E – Doenças associadas ao esforço físico dos superatletas: insuficiência renal aguda, por causa pré-renal devido à desidratação e também por eventual liberação de mioglobinas por micro-lesão muscular disseminada, esta como uma causa no parênquima renal. A mioglobina, proteínas das fibras musculares, é altamente tóxica para os rins e pode ser muito grave uma insuficiência renal com mioglobinúria. Pode levar a falência renal, necessitando de diálise renal e podendo mesmo ser necessário transplante renal. Gastrite aguda e úlceras gastro-duodenais hemorrágicas podem ser desencadeadas por exercício fatigante. Baixa imunidade, favorecendo infecções oportunistas como viroses, doenças por fungos e mesmo por bactérias bastante resistentes. Anemia também é comum.
O que motiva os superatletas?
São pessoas comuns e que nunca foram esportistas profissionais. Quando começam a participar de provas cada vez mais longas, eles se transformam em “mini-celebridades”. Tornam-se heróis para si próprios e para suas famílias. Seus filhos os estimulam e, na escola, contam que o pai correu 140 km. As esposas por verem os maridos longe do sedentarismo e das farras, apóiam os cônjuges nos treinamentos e provas. No escritório, viram super-homens, Clarks Kents que usam o trabalho para manter o esporte. Os superatletas, que passaram quase a vida toda na obscuridade, de repente, se tornam reconhecidos e recebem elogios e apoio. Para ganhar cada vez mais notoriedade, sempre querem fazer provas cada vez mais longas. Maratona no Pólo Sul, 300 km no Saara, atravessar o Canal da Mancha, atravessar os Estados Unidos em uma bicicleta. A obsessão não tem fim.
Se sentem onipotentes e sempre querem novos desafios ou participar de provas mais longas ou repetir as provas em tempos menores. No fundo, eles sabem que não são esportistas competitivos. Nem entre os masters, a nível regional ou nacional teriam chance de boa classificação. O seu principal objetivo é concluir as provas. Para um superatleta, desistir no meio da prova é a pior coisa que pode acontecer. Sentimento de derrota e falta de capacidade. Derrota para eles é parar ou desistir, melhor seria morrer correndo.
Como conseguem gastar enormes quantidades de calorias, podem comer muito.

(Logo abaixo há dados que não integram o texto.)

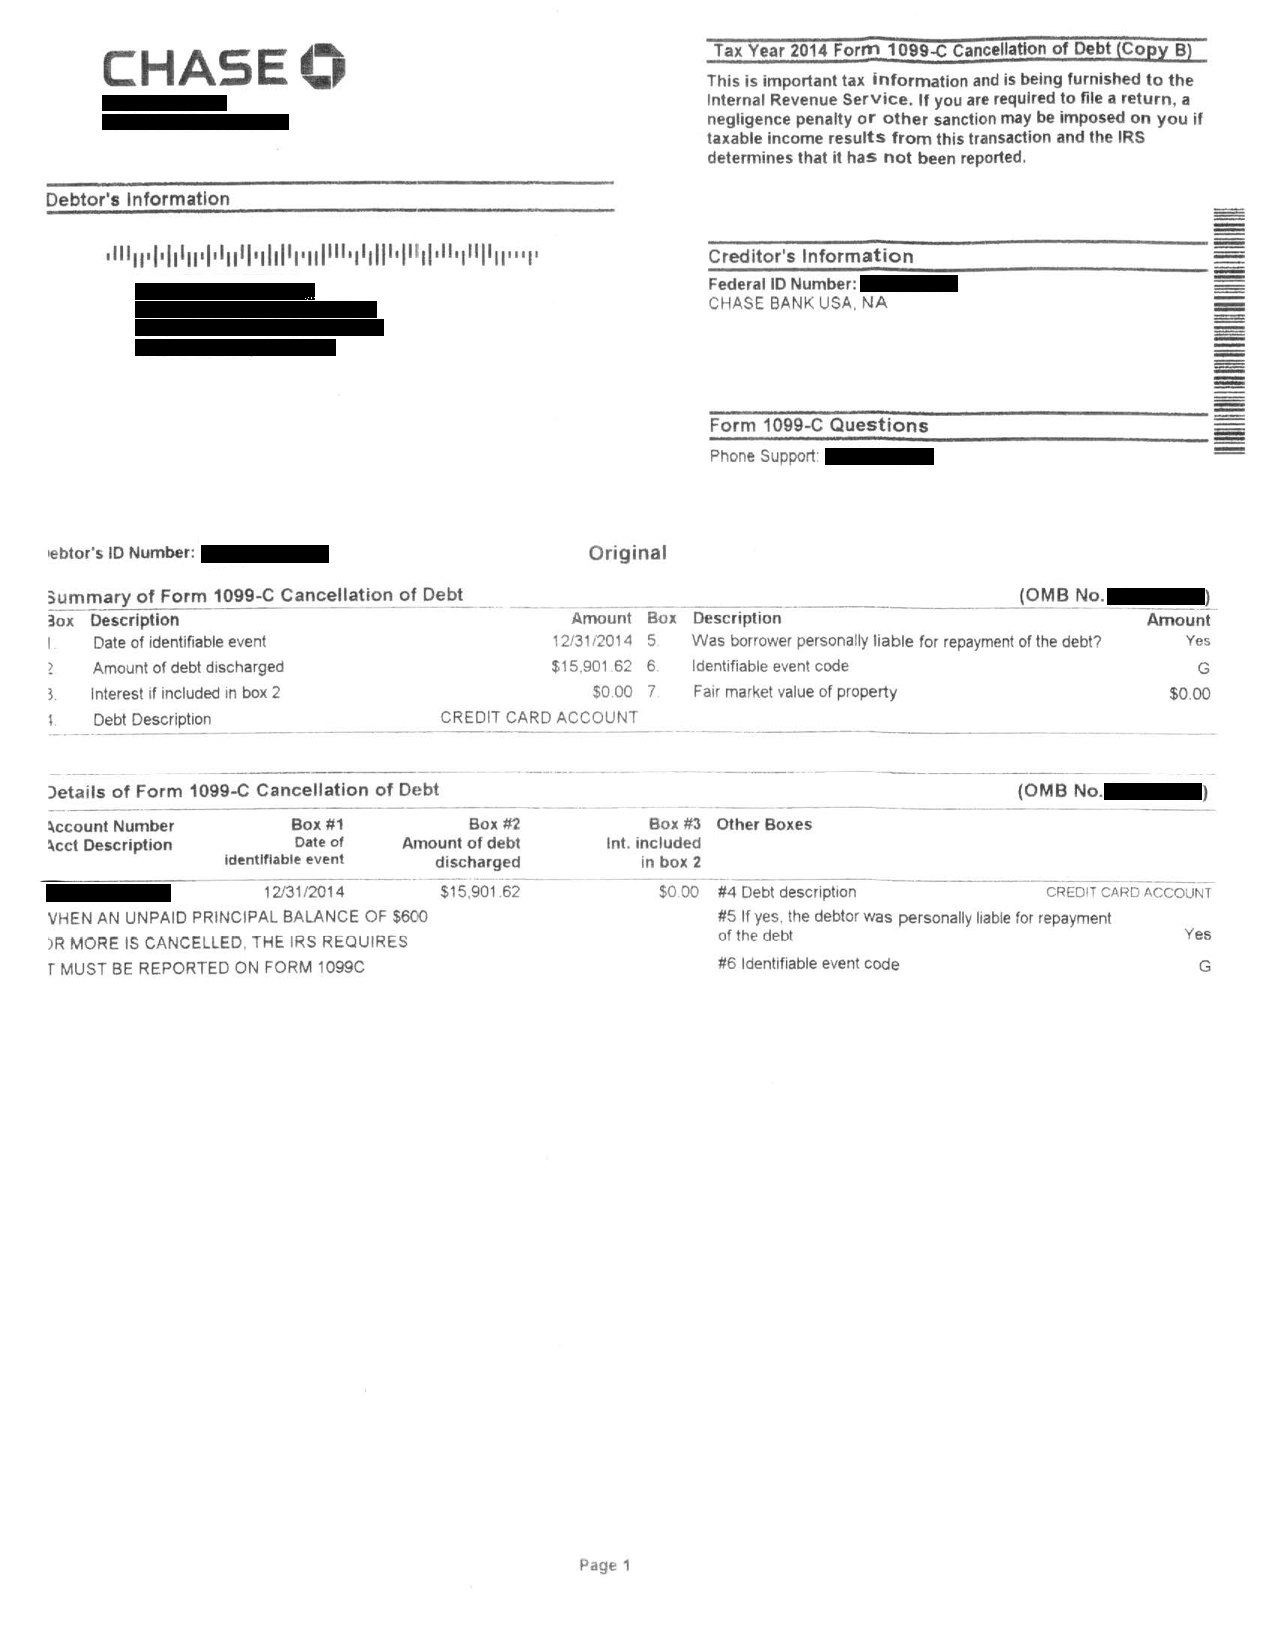 Image of a settlement letter with Chase Bank USA America with savings of 15,901 dollars

De 5.000 até 7.000 calorias por dia, sem engordar. Então, tornam-se glutões crônicos. Quando fazem uma pausa dos exercícios, não ficam à vontade, porque continuam a comer muito e assim acham que vão engordar e perder a forma física. Correm, nadam e pedalam muito, mas comem muito e sentem prazer por isso. Aqui, podemos dizer que são hedonistas.
Existem graus variados de vigorexia (dependência ao exercício). Preocupam-se excessivamente com seu corpo. Sempre acham que podem melhorar mais, e ficar com o corpo mais bonito, caso façam mais exercícios ou pratiquem modalidades diferentes como a musculação, por exemplo. São bastante autocríticos e apresentam comportamento narcisista.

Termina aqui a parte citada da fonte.